AWS Certified DevOps Engineer – Professional — Question 196

A company is using AWS Organizations to create separate AWS accounts for each of its departments. The company needs to automate the following tasks:
✑ Update the Linux AMIs with new patches periodically and generate a golden image
✑ Install a new version of Chef agents in the golden image, if available
✑ Provide the newly generated AMIs to the department's accounts
Which solution meets these requirements with the LEAST management overhead?

Answer options

• A. Write a script to launch an Amazon EC2 instance from the previous golden image. Apply the patch updates. Install the new version of the Chef agent, generate a new golden image, and then modify the AMI permissions to share only the new image with the department's accounts.
• B. Use Amazon EC2 Image Builder to create an image pipeline that consists of the base Linux AMI and components to install the Chef agent.

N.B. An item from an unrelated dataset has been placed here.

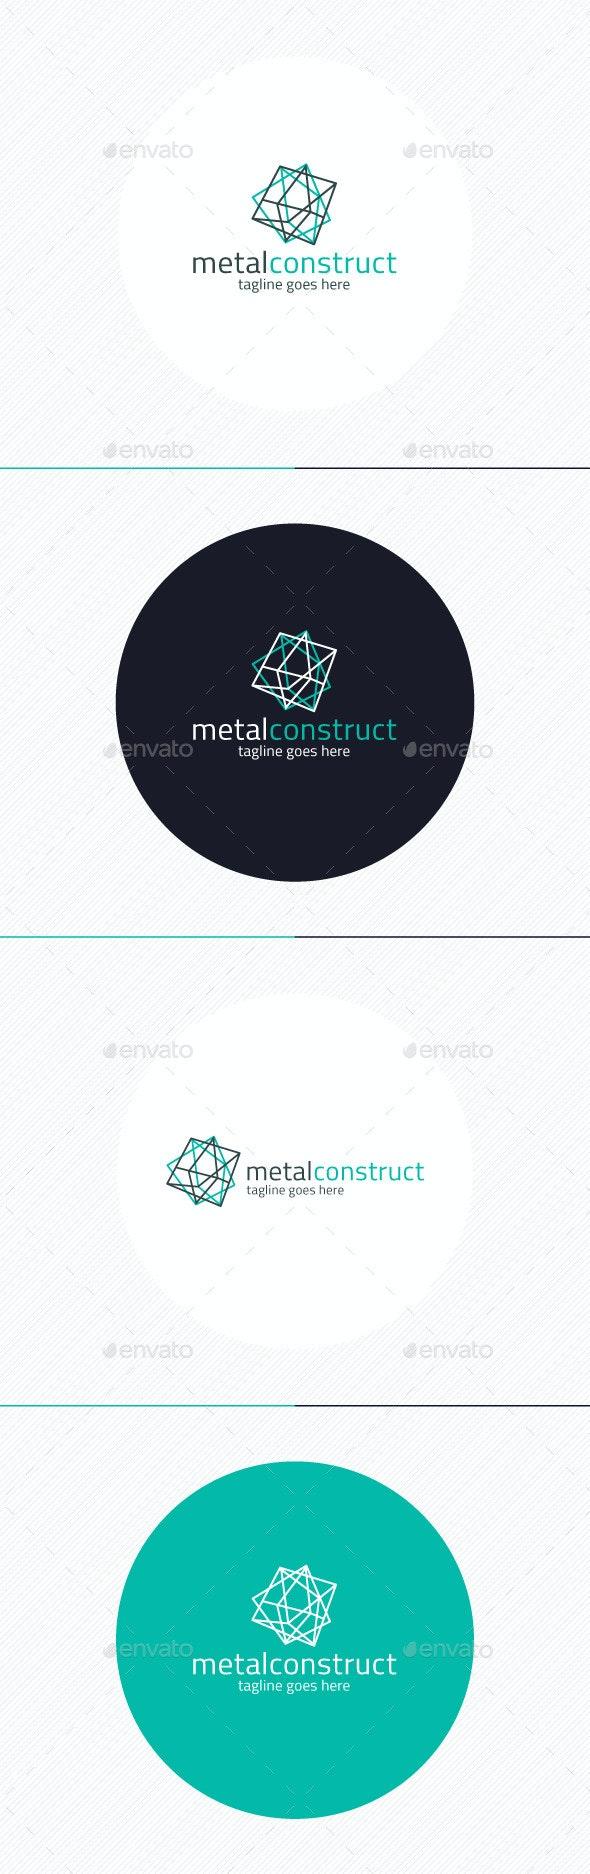 Metal Construct Logo - Vector Abstract

Use AWS Resource Access Manager to share EC2 Image Builder images with the department's accounts.
• C. Use an AWS Systems Manager Automation runbook to update the Linux AMI by using the previous image. Provide the URL for the script that will update the Chef agent. Use AWS Organizations to replace the previous golden image in the department's accounts.
• D. Use Amazon EC2 Image Builder to create an image pipeline that consists of the base Linux AMI and components to install the Chef agent. Create a parameter in AWS Systems Manager Parameter Store to store the new AMI ID that can be referenced by the department's accounts.

Correct answer: B

Explanation

The correct answer is B because Amazon EC2 Image Builder efficiently automates the creation and management of AMIs with the least overhead by using an image pipeline. The other options involve more manual processes or additional complexity, leading to increased management overhead.